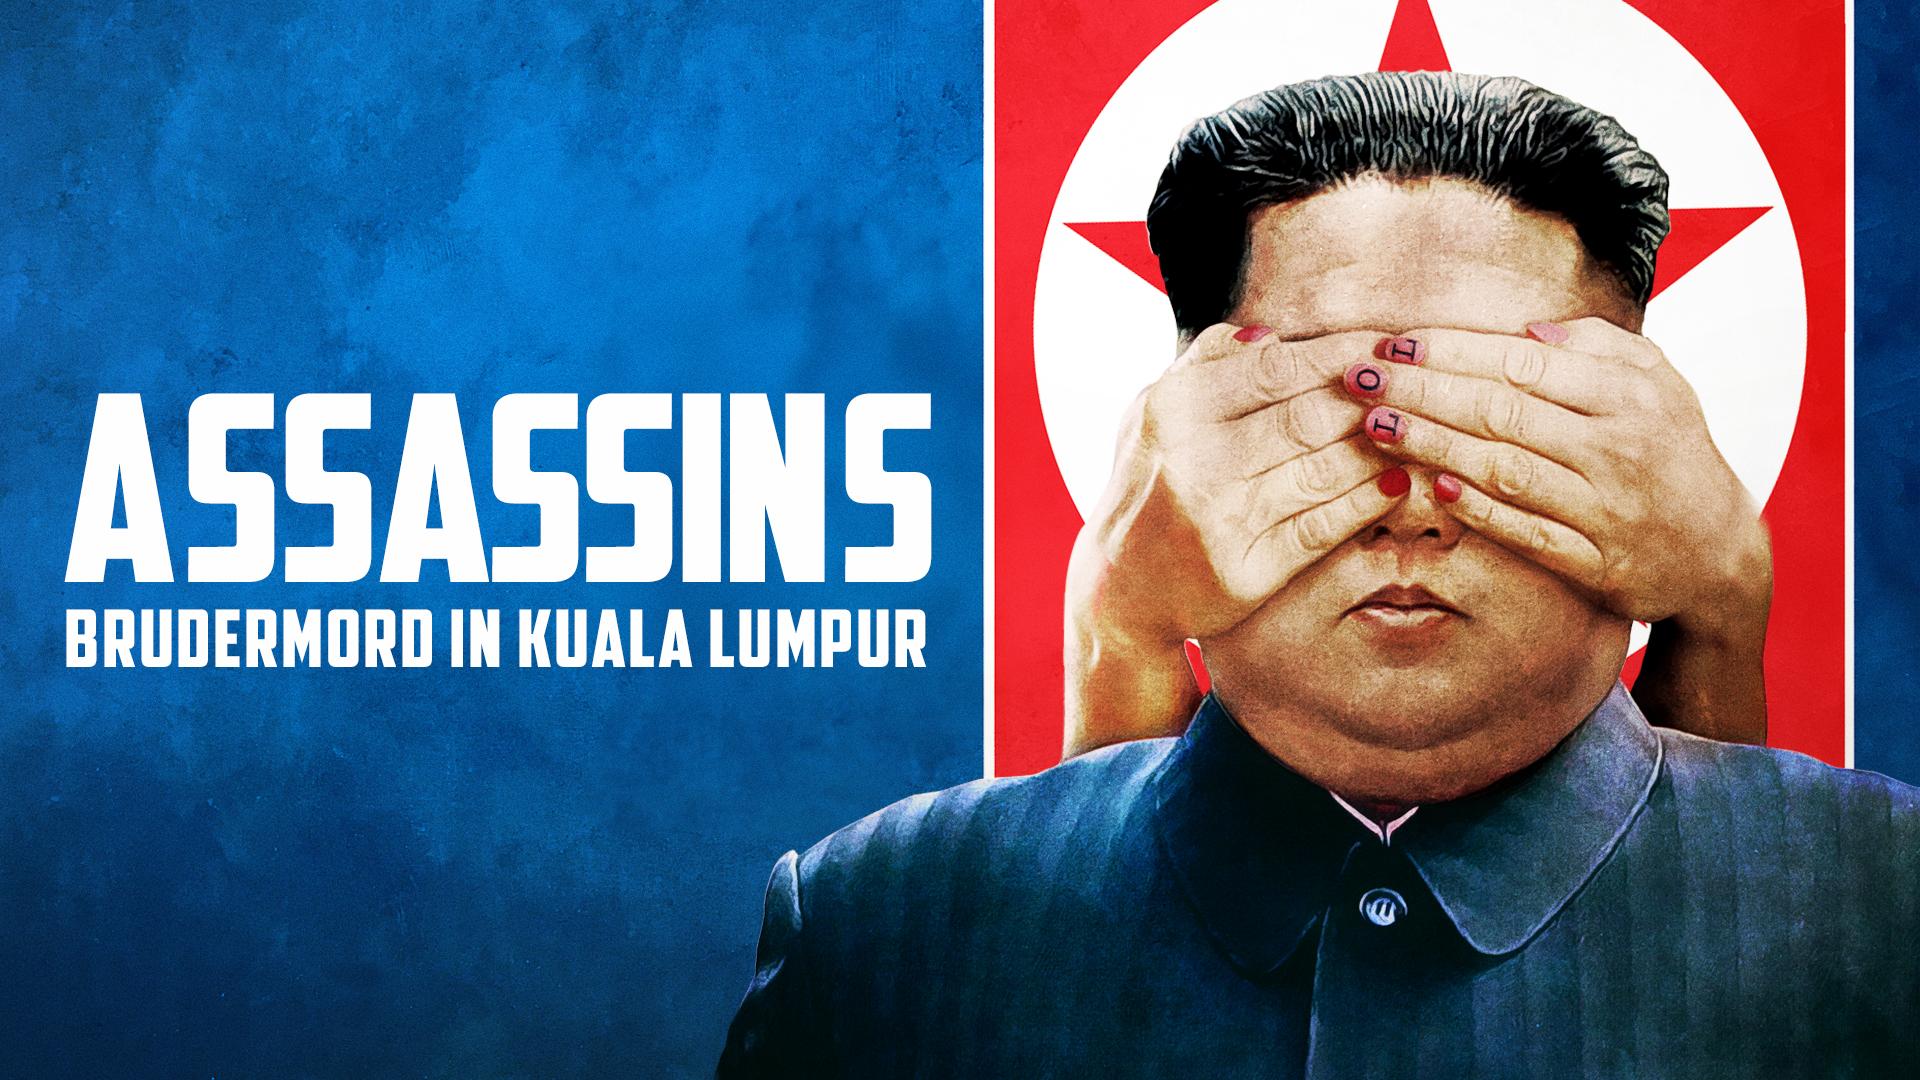 Assassins - Brudermord in Kuala Lumpur
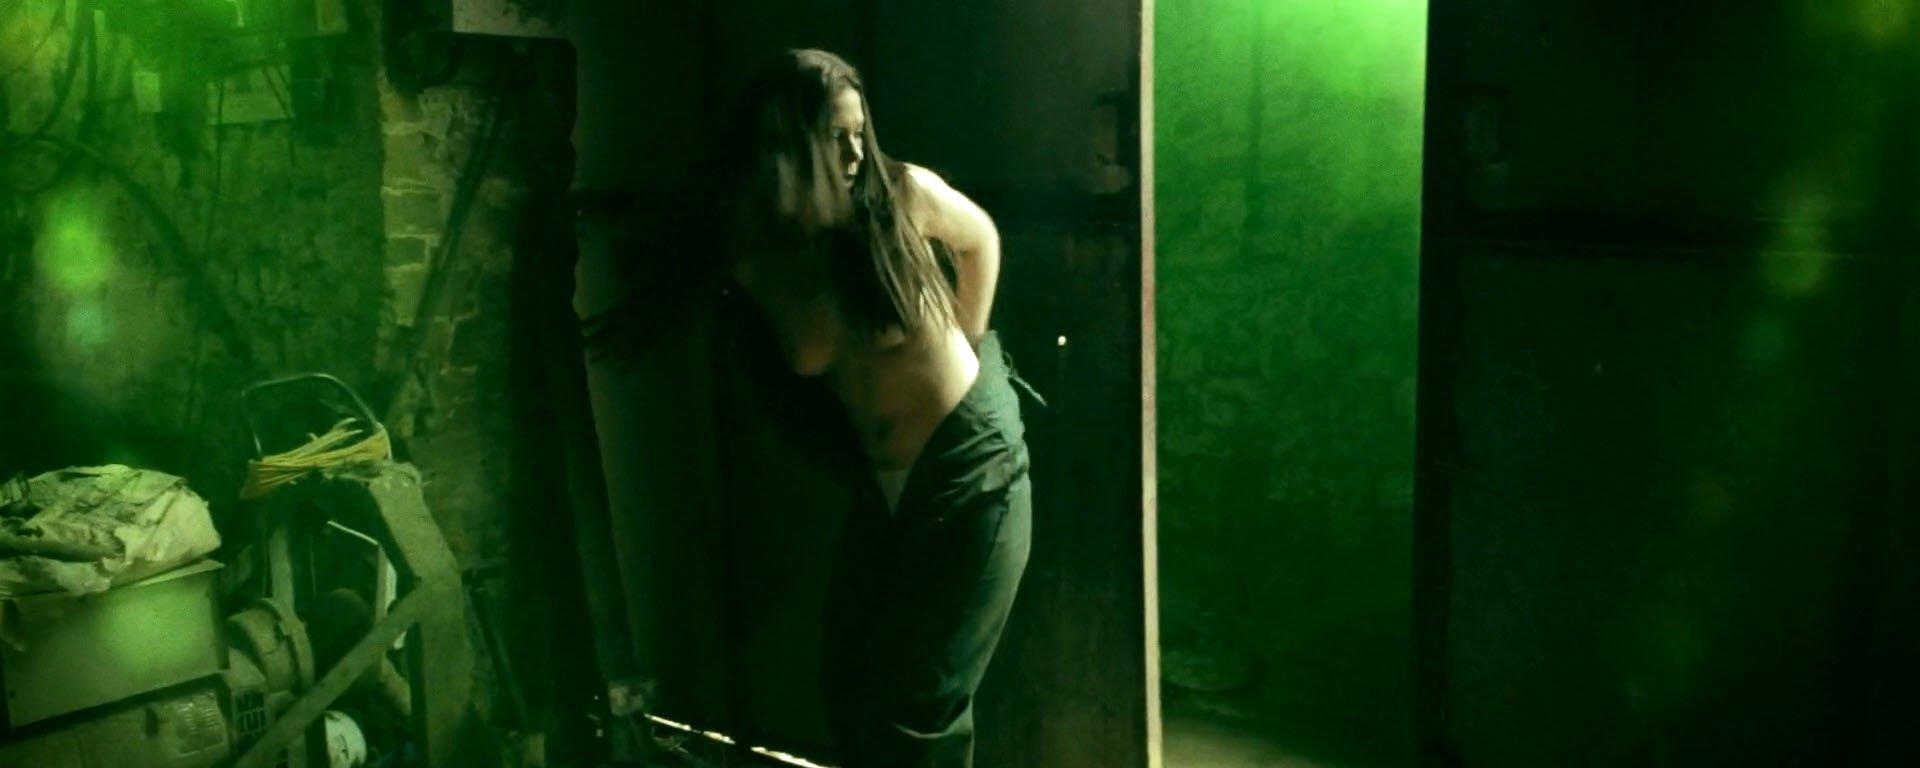 Camilla Rowland nude, Angela Holmes nude - Cute Little Buggers (2017)
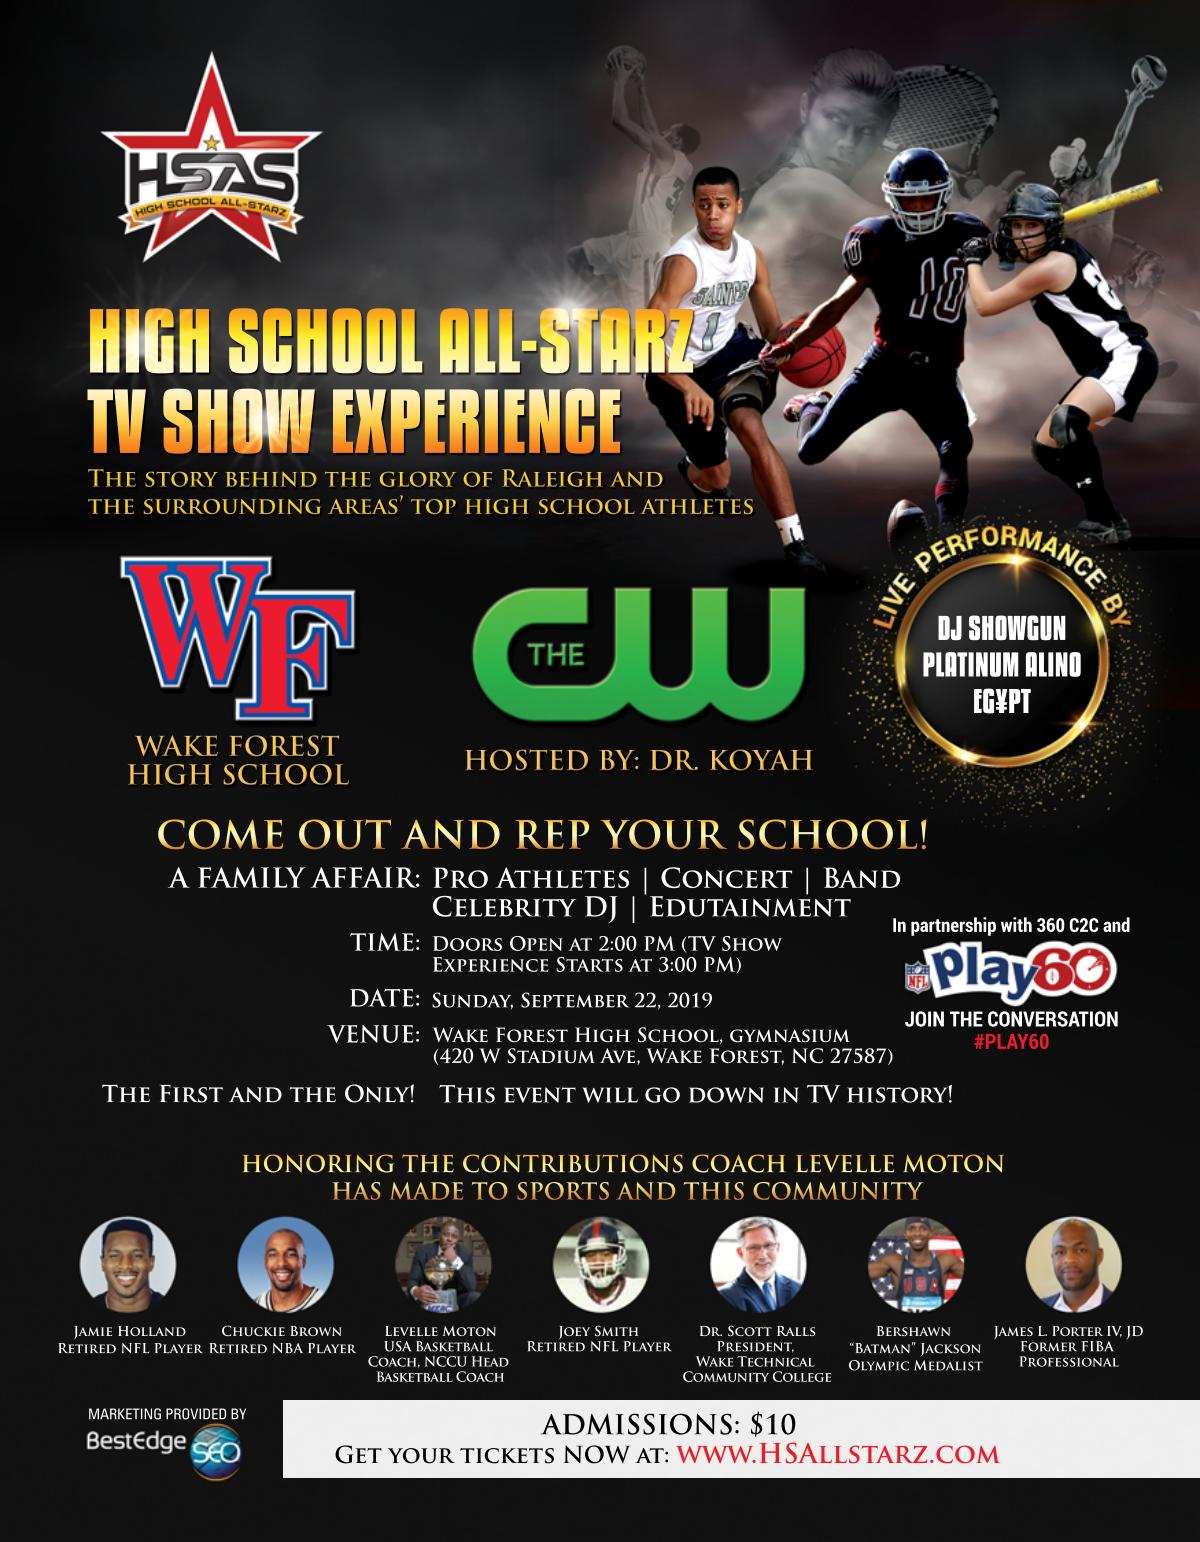 High School All-Starz TV Show taping invitation flyer

*What is required*
Give back the material above exactly as written, but omit the images.

*Reply to the task*
 Assassins - Brudermord in Kuala Lumpur
 Camilla Rowland nude, Angela Holmes nude - Cute Little Buggers (2017)
 High School All-Starz TV Show taping invitation flyer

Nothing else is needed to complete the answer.